Die zweite Seidenstraße soll über das Meer verlaufen und Südostasien mit Afrika (konkret: Kenia) und Europa verbinden. Ganz im Sinne der geschichtsbewussten Chinesen soll die maritime Seidenstraße in Venedig enden. Die Richtung der neuen Handelsrouten ist freilich nicht rein historisch motiviert. Die EU ist heute Chinas wichtigster Handelspartner. Und China ist der zweitwichtigste Partner der EU-Staaten. Billige chinesische Produkte machen das Land auch zum wichtigsten Import-Partner Österreichs außerhalb Europas.

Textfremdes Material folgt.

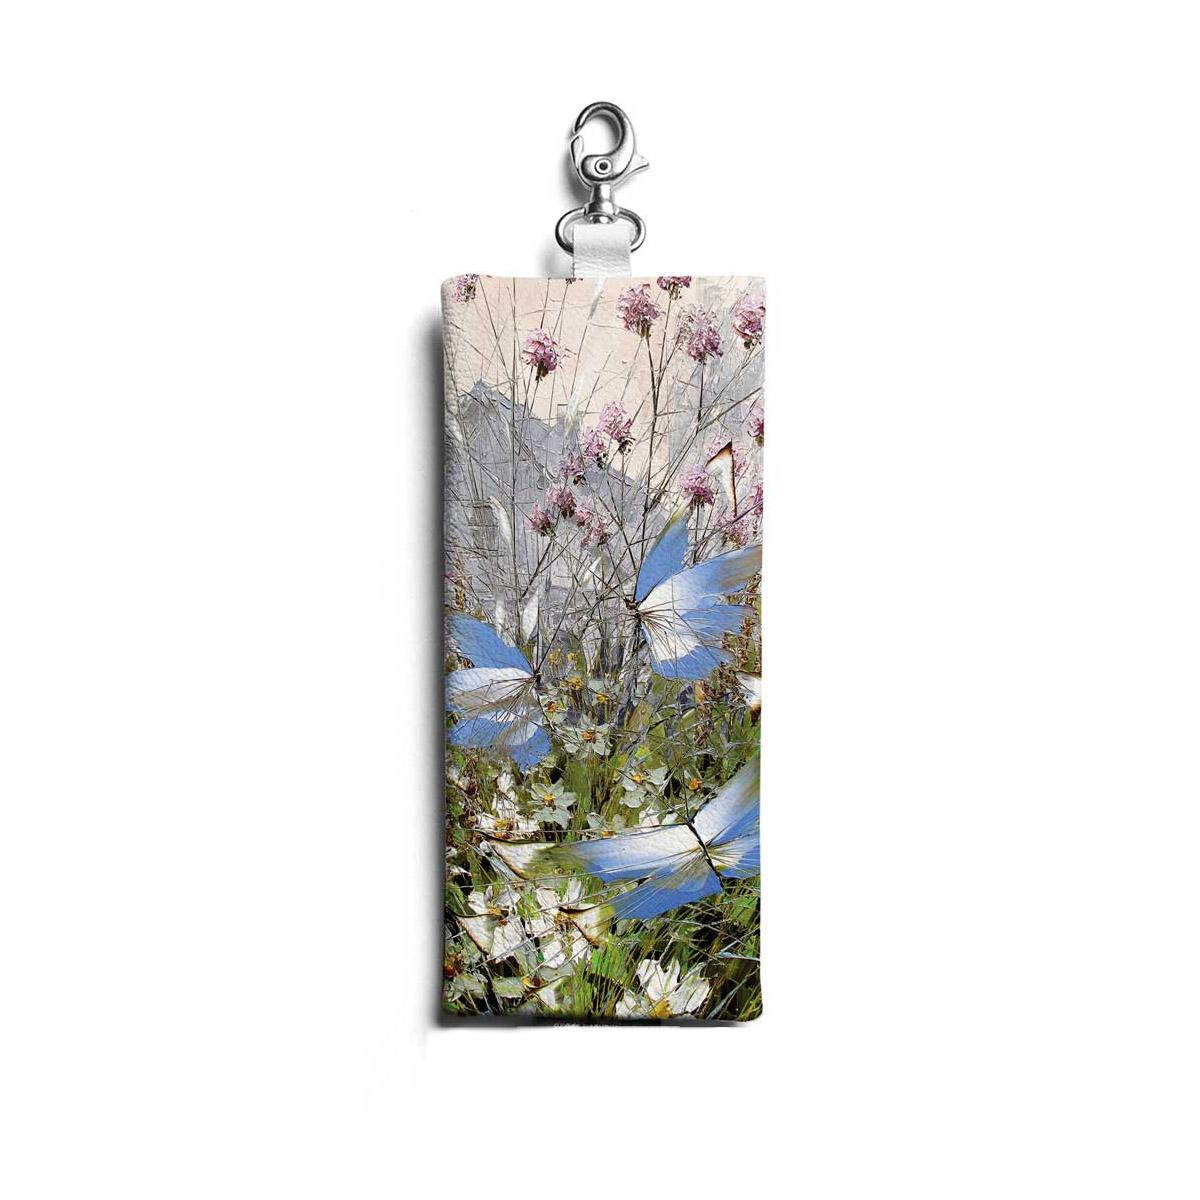 Ключница по картине Дмитрия Кустановича «Бабочки над цветами и травами»
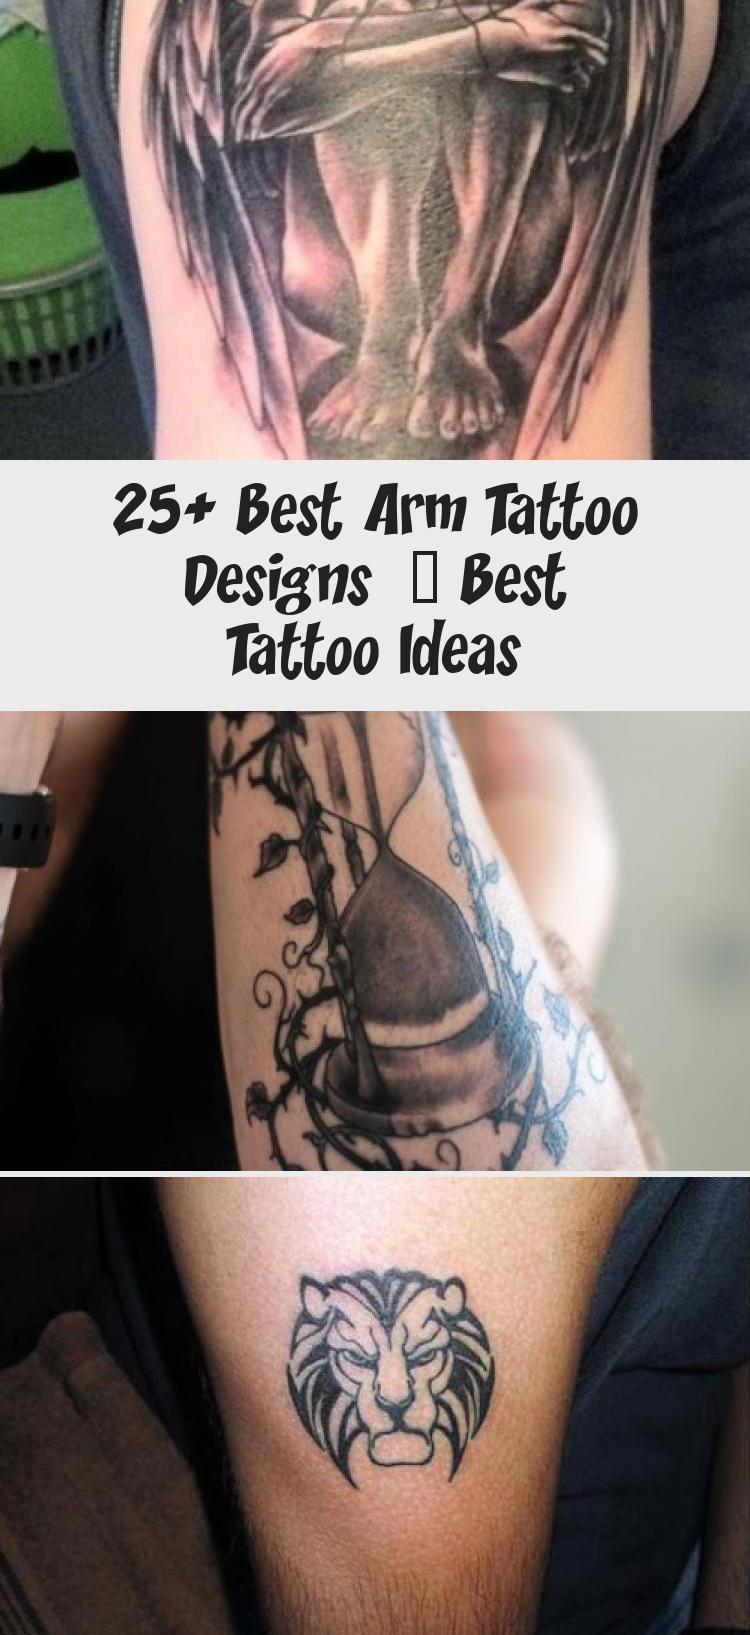 25 Best Arm Tattoo Designs Best Tattoo Ideas Buy Lehenga Choli Online Armtattoosformenmandala Tradition In 2020 Cool Arm Tattoos Arm Tattoo Arm Tattoos For Guys

Die chinesische Strategie stößt mancherorts (wie etwa in Indien) noch auf Argwohn. An der Asiatischen Entwicklungsbank hat sich Indien (genauso wie Pakistan) dennoch beteiligt. Chinas Medien bemühen das Motto von der Win-win-Situation und versichern auch den USA, dass die Seidenstraßen keine Konkurrenz zu Washingtons Strategie in Asien darstellen sollen. Aber eines scheint klar: China sieht Infrastruktur auch intern als perfekte Strategie, um die Beziehungen zu Asien, Russland, Afrika und Europa zu festigen – und gleichzeitig die Dollar-Berge abzubauen, die man durch den Handel mit den USA aufgebaut hat.

AUF EINEN BLICK

Chinas Führung hat in den vergangenen Jahren gleich zwei „chinesische Träume“ entworfen. Einen für die eigene Bevölkerung – den anderen für die ganze Welt. Die geplante Neue Seidenstraße soll zwei antike Routen wieder aufleben lassen. Eine über den Landweg: von Chinas Osten über Zentralasien, den Iran und die Türkei nach Moskau und schließlich ins Zentrum von Europa – oder konkret: nach Duisburg. Dazu kommen extrem ambitionierte Projekte zum Bau von Hochgeschwindigkeits-Zugverbindungen. Eine soll von Bulgarien bis nach Ostchina laufen. Eine andere von Moskau nach Peking. Die zweite Strecke, die maritime Seidenstraße, soll Südostasien mit Indien, Afrika und schließlich Europa verbinden. Neben den staatlichen Investitionsprojekten (allein die Eisenbahnstrecken kosten hunderte Mrd. Dollar) legt China einen Fonds der Zentralbank auf: 40 Mrd. Dollar zur Unterstützung von weiteren Infrastrukturprojekten. Und eine neue Entwicklungsbank soll 50 Mrd. beitragen.